Gemeenschappelijk Hof van Justitie van Aruba, Curaçao, Sint Maarten en van Bonaire, Sint Eustatius en Saba

Datum uitspraak
8 november 2018
Publicatiedatum
13 maart 2019
Zaaknummer
500.00442/16 H-169/17
Instantie
Gemeenschappelijk Hof van Justitie van Aruba, Curaçao, Sint Maarten en van Bonaire, Sint Eustatius en Saba
Type
Uitspraak
Rechtsgebied
Strafrecht
Procedures
  • Hoger beroep
Rechters
Vindplaatsen
  • Rechtspraak.nl
AI samenvatting door LexboostAutomatisch gegenereerd

Bevestiging vonnis in hoger beroep inzake doodslag met vuurwapen

Op 8 november 2018 heeft het Gemeenschappelijk Hof van Justitie van Aruba, Curaçao, Sint Maarten en van Bonaire, Sint Eustatius en Saba uitspraak gedaan in hoger beroep in een strafzaak tegen de verdachte, die eerder door het Gerecht in eerste aanleg van Curaçao was vrijgesproken van doodslag, maar wel was veroordeeld voor andere feiten. De verdachte had hoger beroep ingesteld tegen het vonnis van 20 december 2017, waarin hij werd veroordeeld tot een gevangenisstraf van vierentwintig jaren. Het Hof heeft de zaak opnieuw beoordeeld, waarbij het kennisnam van de vordering van de procureur-generaal en de argumenten van de verdediging. De procureur-generaal had gevorderd dat het vonnis zou worden bevestigd, terwijl de verdediging pleitte voor vrijspraak.

Het Hof heeft het vonnis van het Gerecht bevestigd, met enkele aanpassingen in de bewijsmiddelen en overwegingen.
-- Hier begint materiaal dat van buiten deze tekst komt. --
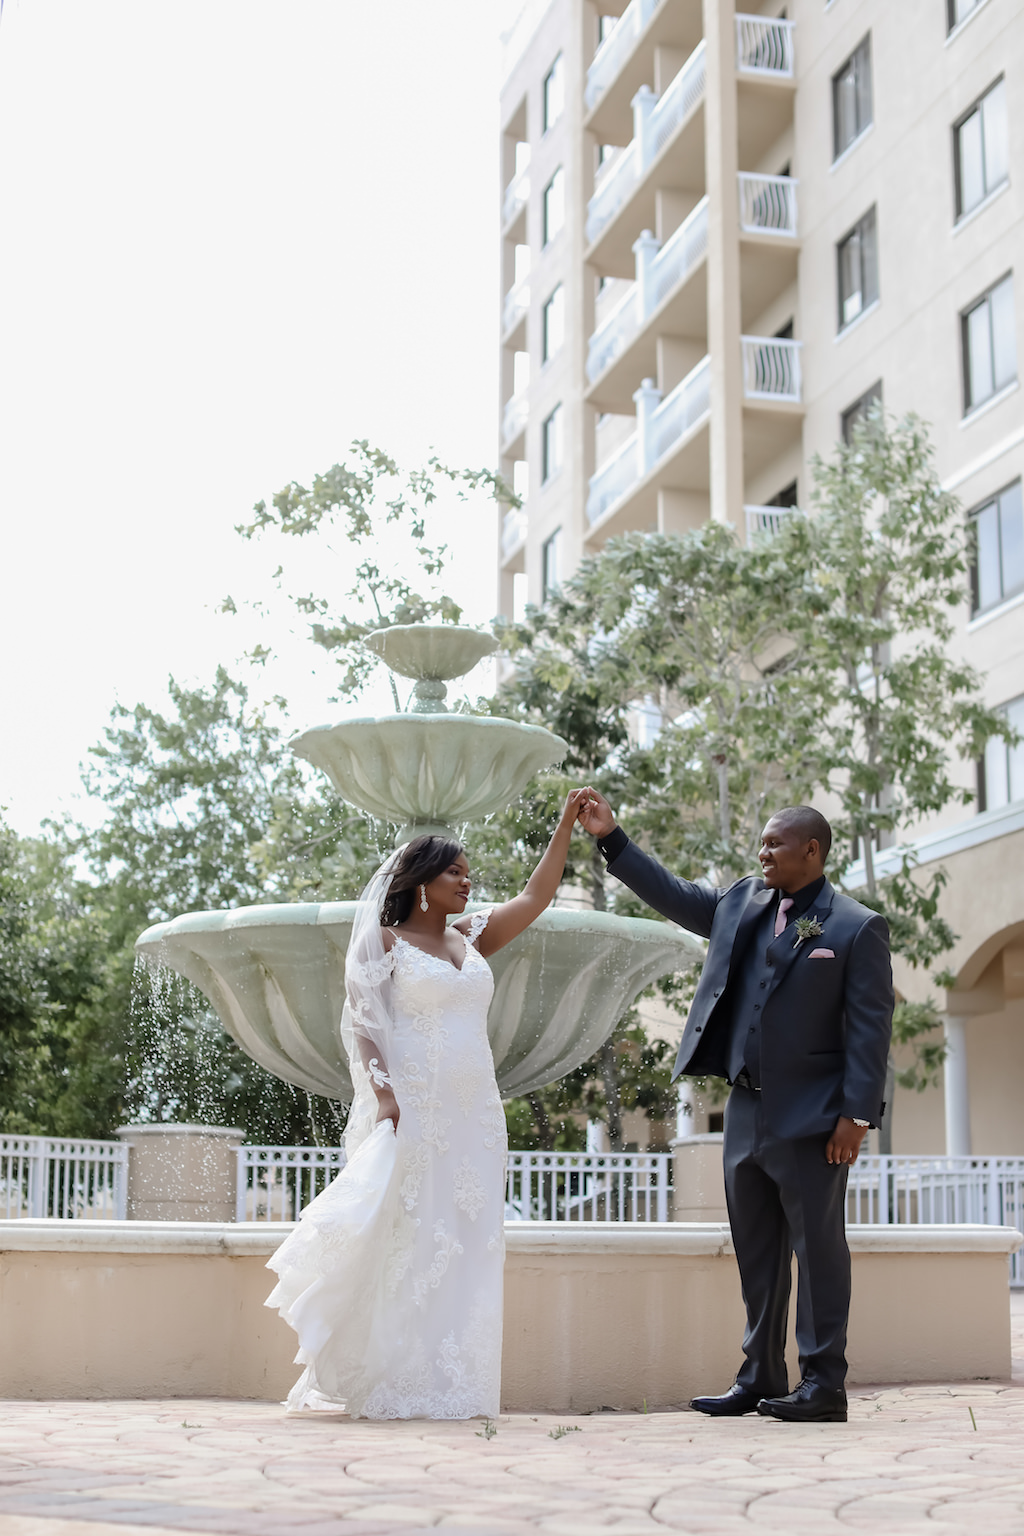 Florida Bride and Groom Outdoor Fountain Wedding Portrait | Tampa Wedding Photographer Lifelong Photography Studio | Wedding Dress Boutique Truly Forever Bridal | Largo Wedding Venue Bayou Club

Het Hof heeft de bewijsmiddelen die door het Gerecht waren geselecteerd grotendeels overgenomen, maar enkele bewijsmiddelen geschrapt en vervangen door eigen waarnemingen. De verdediging had betoogd dat de verklaring van een getuige niet voor het bewijs mocht worden gebruikt, omdat de verdediging haar ondervragingsrecht niet had kunnen uitoefenen. Het Hof verwierp dit verweer en oordeelde dat de verklaring van de getuige voldoende steun vond in andere bewijsmiddelen.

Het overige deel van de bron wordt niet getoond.